Geh zu einem Fach-Therapeuten für Essstörungen – nicht zu einem normalen Therapeuten oder geschweige denn zu einem Allgemein-Mediziner.

Es ist Deine Entscheidung. Es ist Dein Leben.

Wenn Du wieder entspannt und zufrieden durchs Leben gehen möchtest, dann unternimm etwas dagegen. Eine Verbesserung Deines Lebens wird niemals geschehen, wenn Du es nicht selbst anpackst. Aber Du kannst wenigstens Deine Eltern bitten, Dich zu begleiten – voraus gesetzt dass sie Dich dahingehend unterstützen würden.

Du bist am Zug.

P.S.:
Bitte entschuldige, wenn ich nicht so kuschelig daher kommen, aber ich kann Dich nicht über Monate hinweg begleiten. Daher ist es besser, die Sache eindeutig klar zu stellen.

Antwort
von Elfi96, 41

Iwie ein Widerspruch: tagelang nichts essen/ fettes Mädchen.

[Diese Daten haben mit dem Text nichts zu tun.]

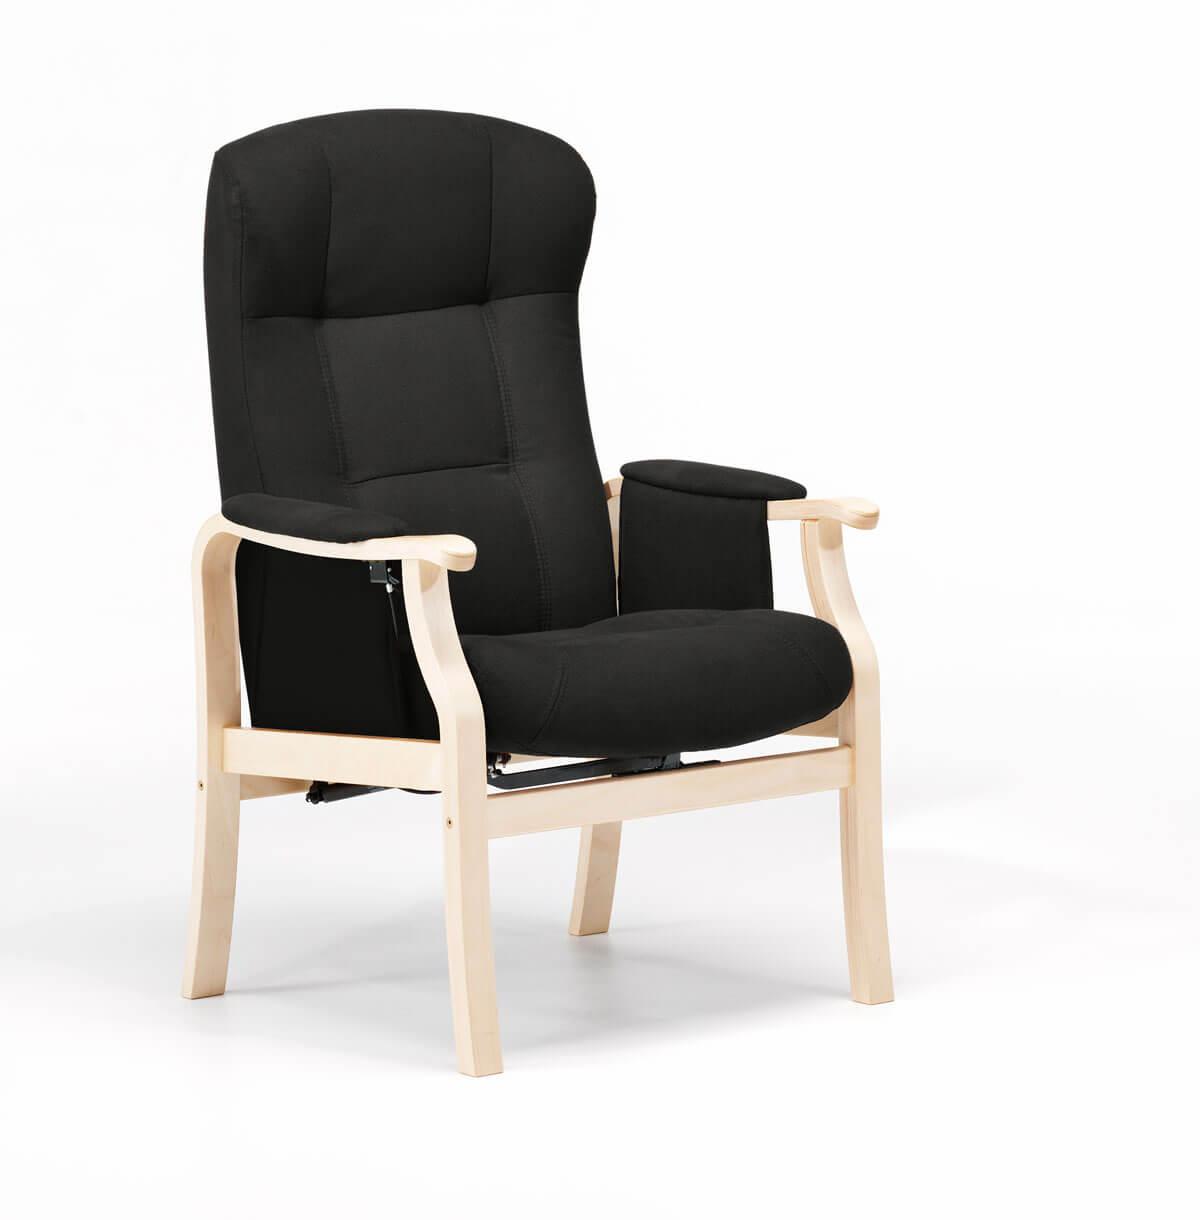 Nordic-c sorø standard seniorstol, eksl. skammel - antracitgrå fra nordic-c på boboonline.dk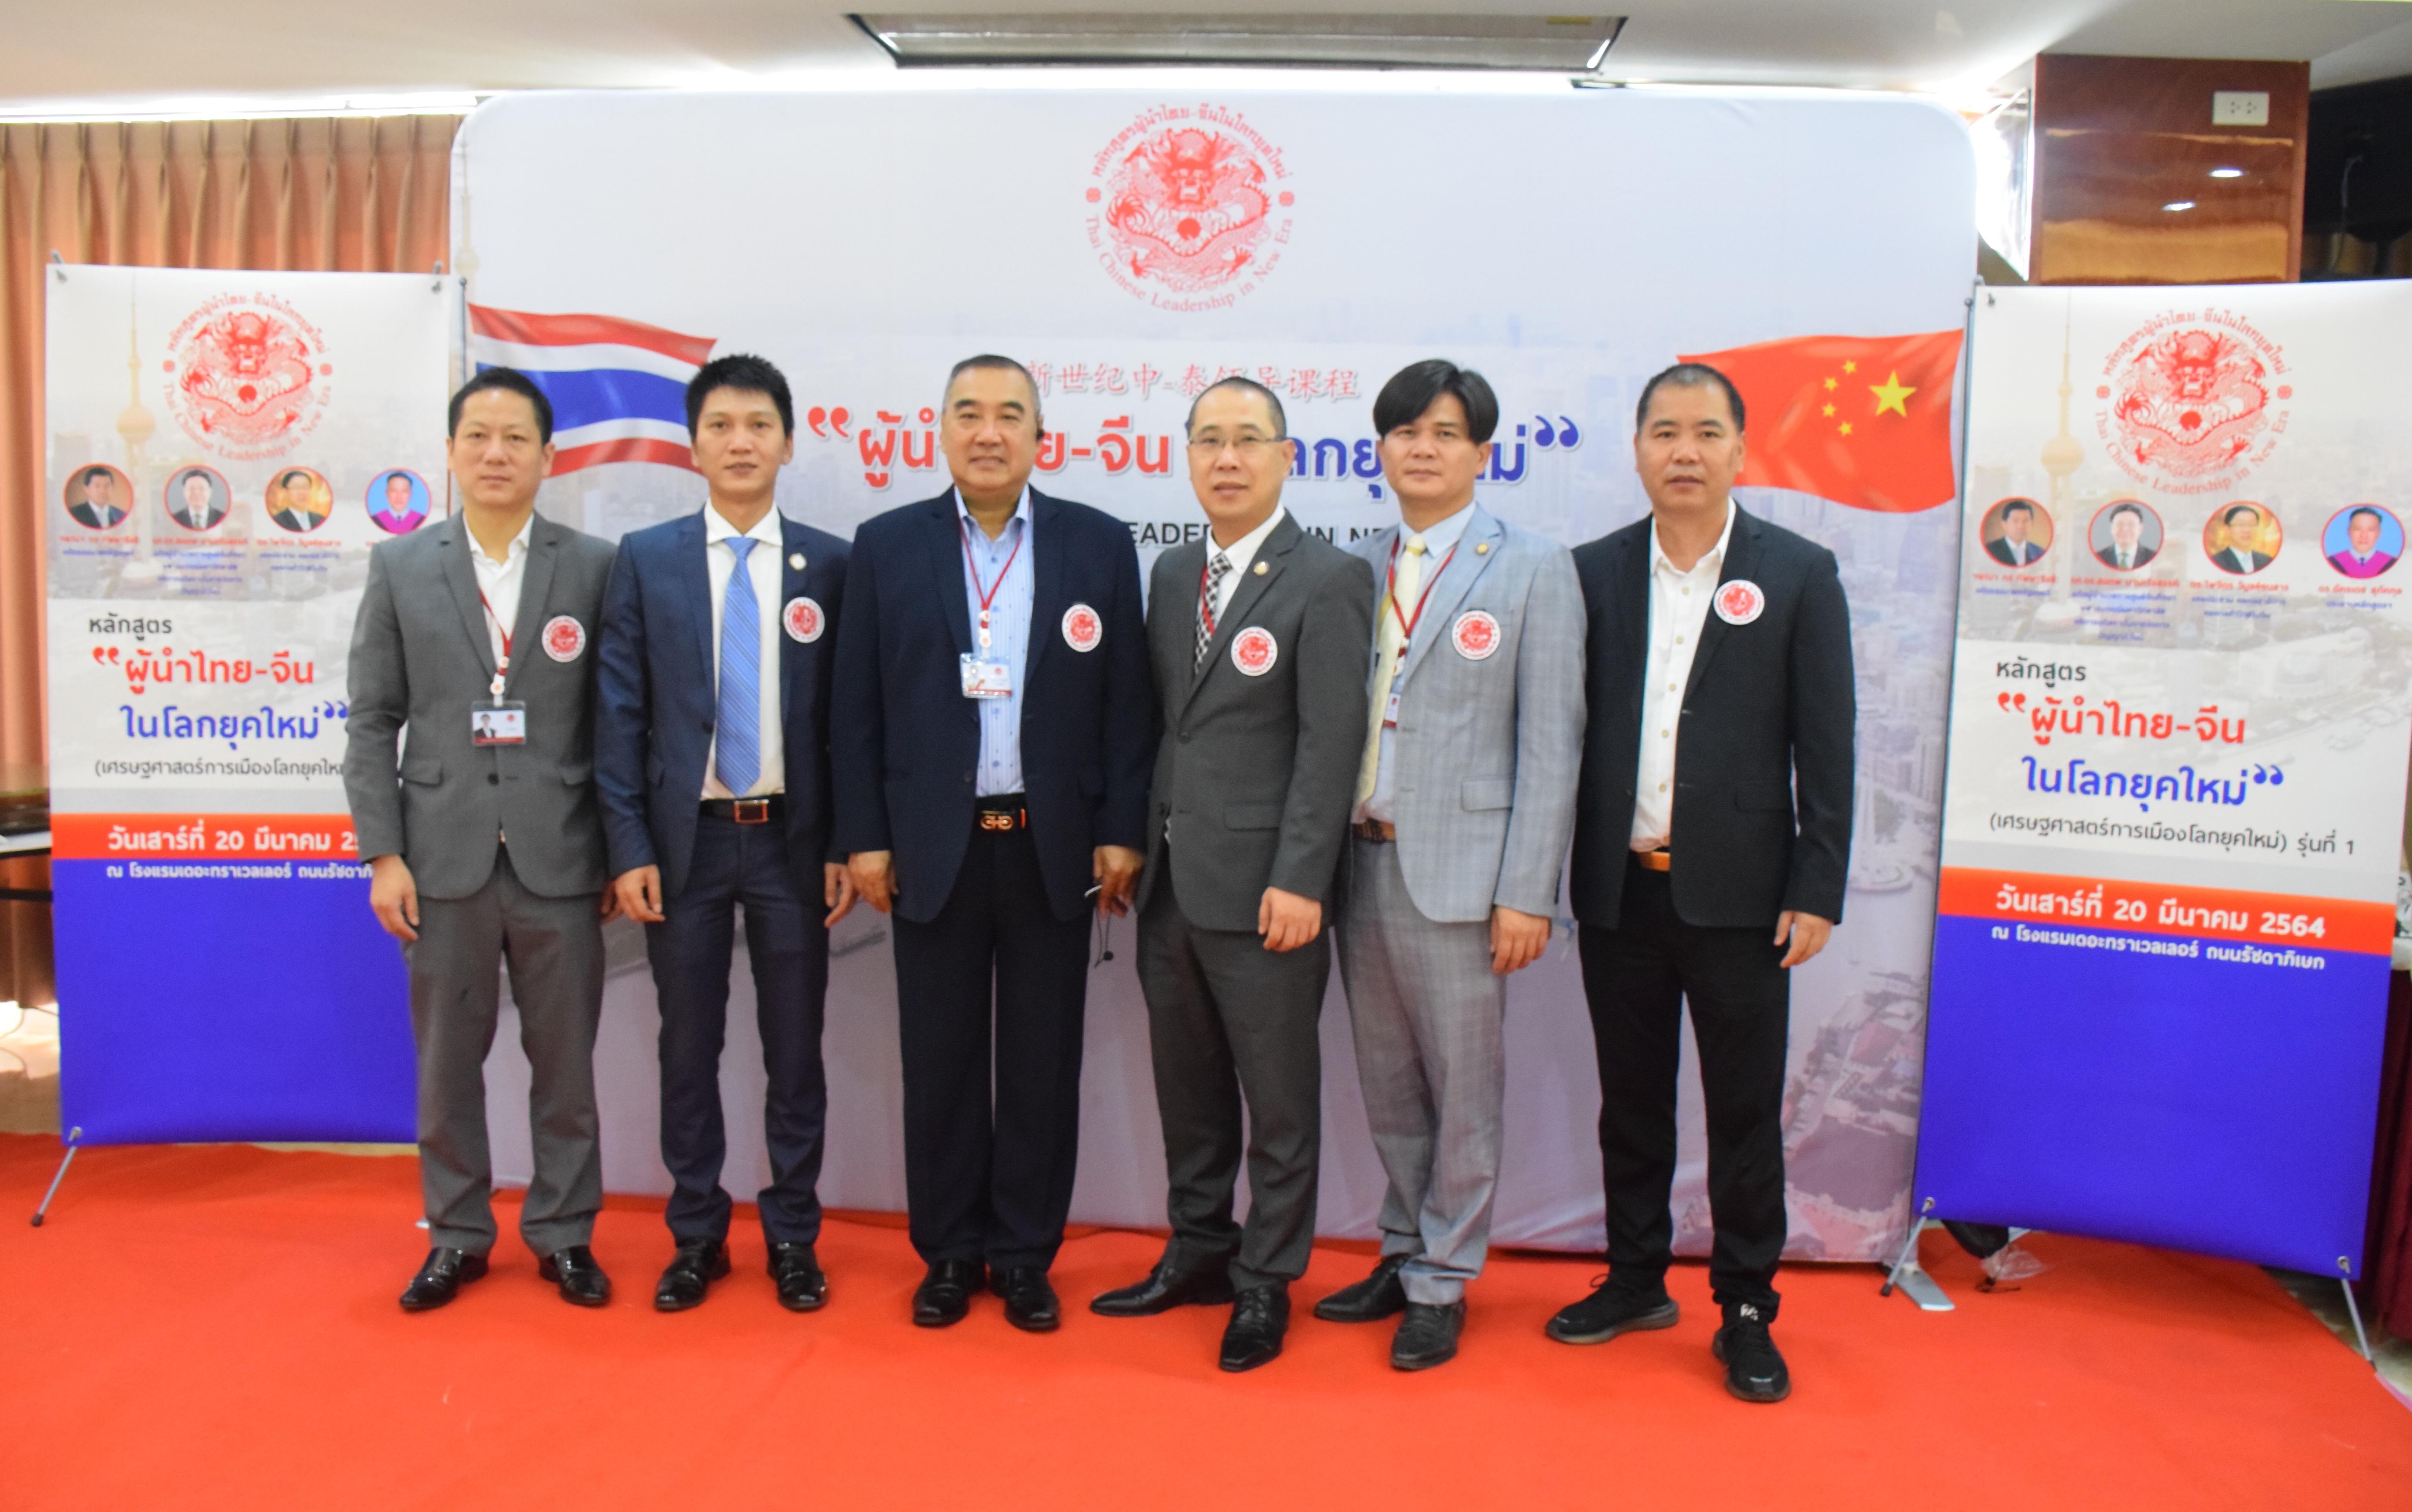 泰国温州商会出席第一届泰中新时代领导力培训班

Bist zu zu korpulent oder bist du magersüchtig?

Ändere deine Einstellung  zu deinem Körper, fange  an, dich so zu mögen wie du bist (wenn du nicht abnehmen  kannst, sofern du übergewichtig bist)! Nur so strahlst du aus, dass du liebenswert bist und dann wirst du auch von anderen gemocht.

LG und alles Gute 

Kommentar von xghostiechanx ,

Für eine Essstörung bin ich zu fett. Ich bin 1,64 cm groß und wiege 47,3 kg. Startgewicht war 56. Wollte abnehmen.

Kommentar von Anonymvl15 ,

Hey nimm nicht weiter ab! Du bist eh voll dünn. Ich bin 1,60 und ca 48 kg und manche halten mich schon für Magersüchtig. Du hast gerade voll das gute Gewicht ....zerstör deinen Körper bitte nicht 

Kommentar von xghostiechanx ,

Verdiene es eh. 

Kommentar von Dahika ,

Rede bitte keinen Bullshit.

Antwort
von Videospieler95, 32

Ich denke du siehst es viel zu schlimm und gib dir nicht für alles die schuld warum fühlst du dich denn so oft schlecht? Gibt es da einen speziellen Grund?

Antwort
von sojosa, 13

Hey du, nicht das Leben ist unfair, du bist es selber, dir gegenüber. Du schreibst wie schlimm alles ist, aber das stimmt ja nicht. Du bist nicht fett und all die anderen Sachen siehst du genauso übertrieben. Ändere diese Sichtweise und du wirst sehn dass auch dein Leben lebenswert ist.